The Supreme Court Judgement
Importantly, it was noted this appeal does not deal with the broader question of whether inventions generated by AI machines should be patentable. Instead, the decision is based on the interpretation and application of the current provisions of the Patents Act 1977.
The outcome deals with three issues:
The scope and meaning of the term “inventor” in the 1997 Act
The court held that an inventor within the meaning of the 1977 Act must be a natural person. DABUS is not an inventor and never was an inventor.
Was Dr Thaler nevertheless the owner of any invention in any technical advance made by DABUS and entitled to apply for and obtain a patent in respect of it?
This issue was rejected. The right to apply for and obtain a patent requires existence and identification of an inventor. An inventor, as defined by the Act, must be a person. DABUS was indicated as a sole inventor and is not a person such that the inventor requirement is not met. Additionally, Dr Thaler as an applicant (and not inventor) is not entitled to be granted a patent according to section 7(2)(b) or section 7(2)(c), as DABUS is not a person.
Dr Thaler submitted that, based on the 1977 Act recognising that there is property in an invention at the time it is made and that he is the owner of DABUS, he should be entitled to apply for and be granted patents for the applications, applying the doctrine of accession.
This submission was rejected based on the following:
DABUS cannot be and is not an inventor.
An invention is not tangible property such that title to the invention can be passed to the owner of a machine that generated the invention.
There is no basis for applying the doctrine of accession in these circumstances.
Was the Hearing Officer entitled to hold that the applications would be taken to be withdrawn?
Yes, because Dr Thaler did not identify any person/persons as the inventor/inventors of the inventions described in the applications and his ownership of DABUS does not provide basis for being entitled to the grant of patents for the applications.

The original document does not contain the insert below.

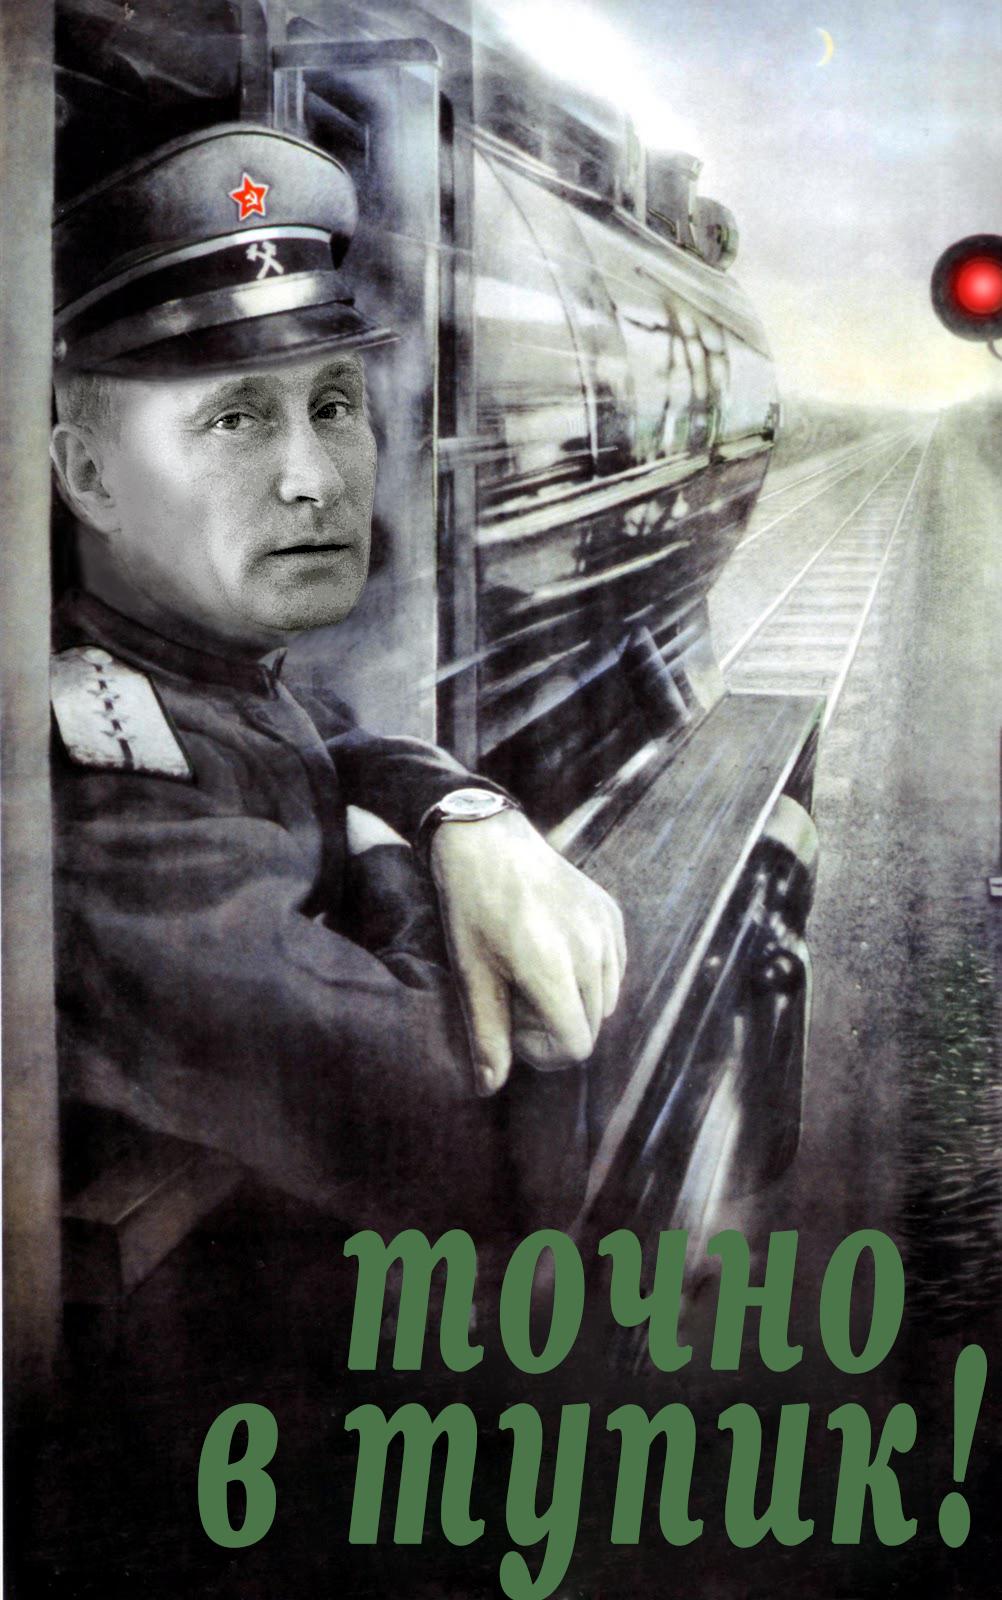 """Силовики не поддерживают перемирие, а террористы его используют, чтобы лучше вооружиться, - командир """"Донбасса"""" - Цензор.НЕТ 2661"""
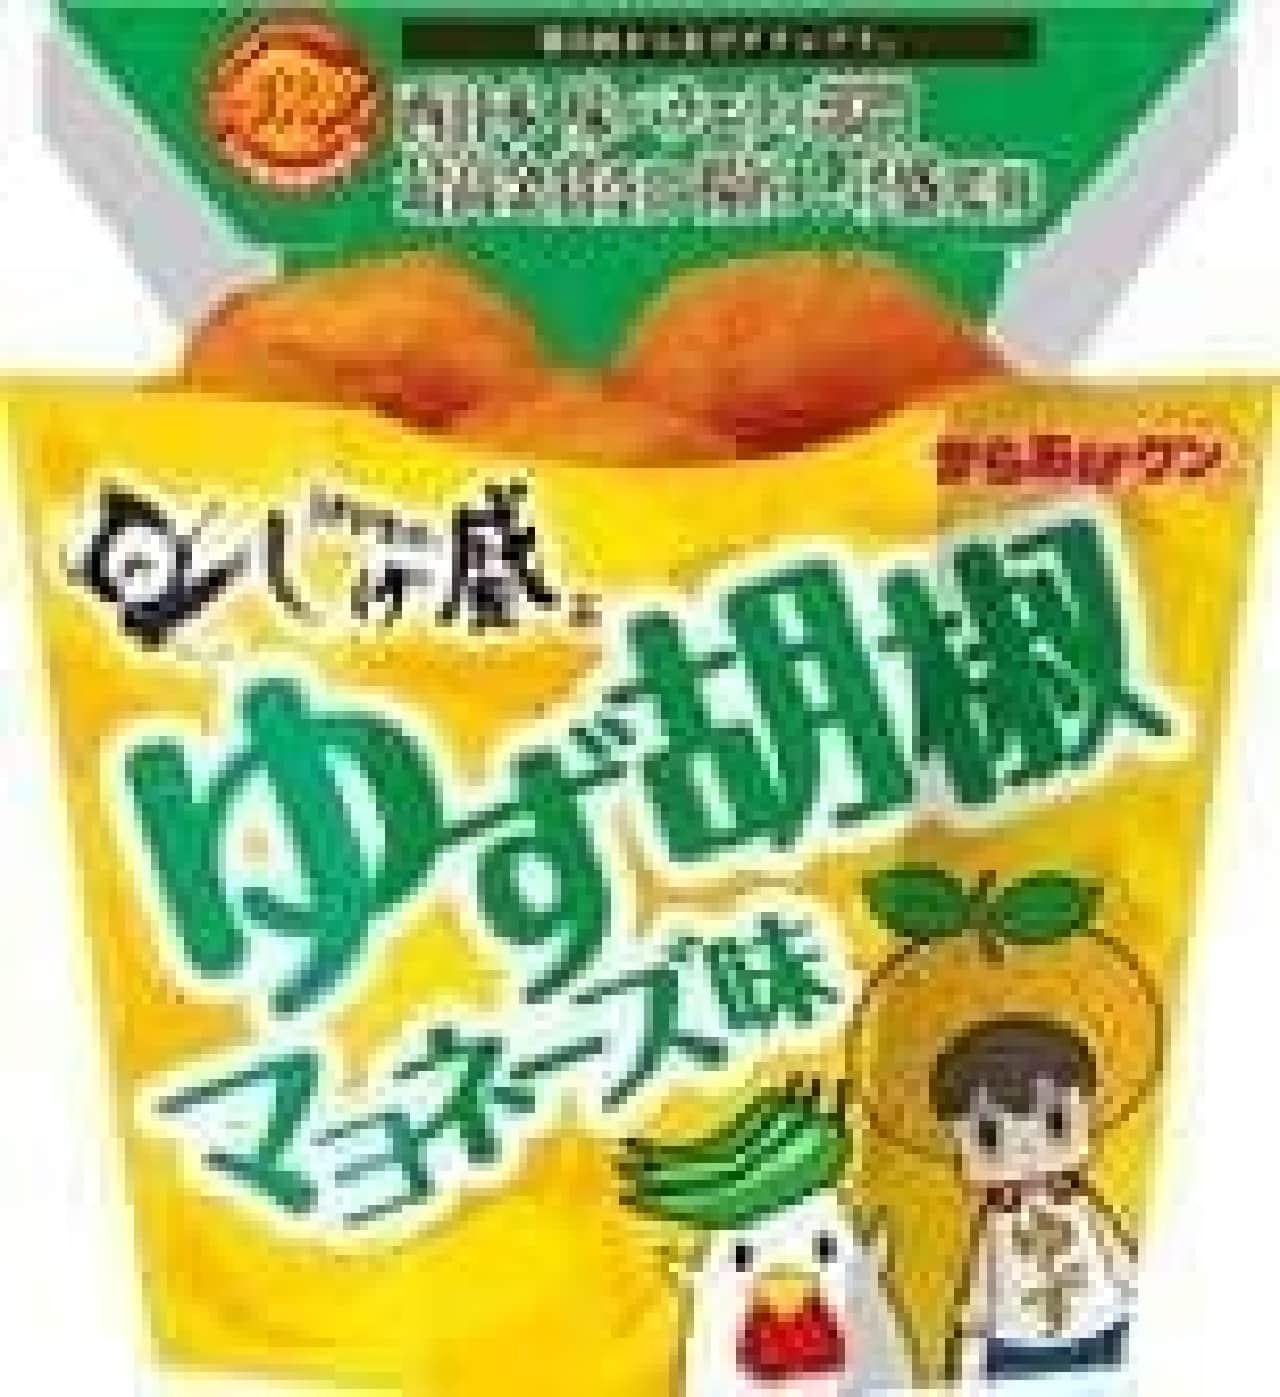 人気店の「柚子胡椒マヨネーズ」味を再現  (C) SENHA&Co.

As noted in the judgement, this decision was based on the interpretation and application of the provisions of the Patents Act 1977 and does not deal with the broader question of whether inventions generated by AI machines should be patentable. As such, we should not assume that Dr Thaler’s difficulties obtaining patent protection imply that the courts will take a negative view of inventions made by humans using AI tools. Furthermore, this judgement does not give guidance on the range of human activities that will be accepted for a person to be considered “the actual deviser of the invention” as required by section 7(3) of the UK Patents Act. Nevertheless, UK law and patent office practice provides a framework for successful patenting for a great many inventions that exploit the capabilities of AI. It will be interesting to see how these questions are considered in future and whether this leads to legislative change.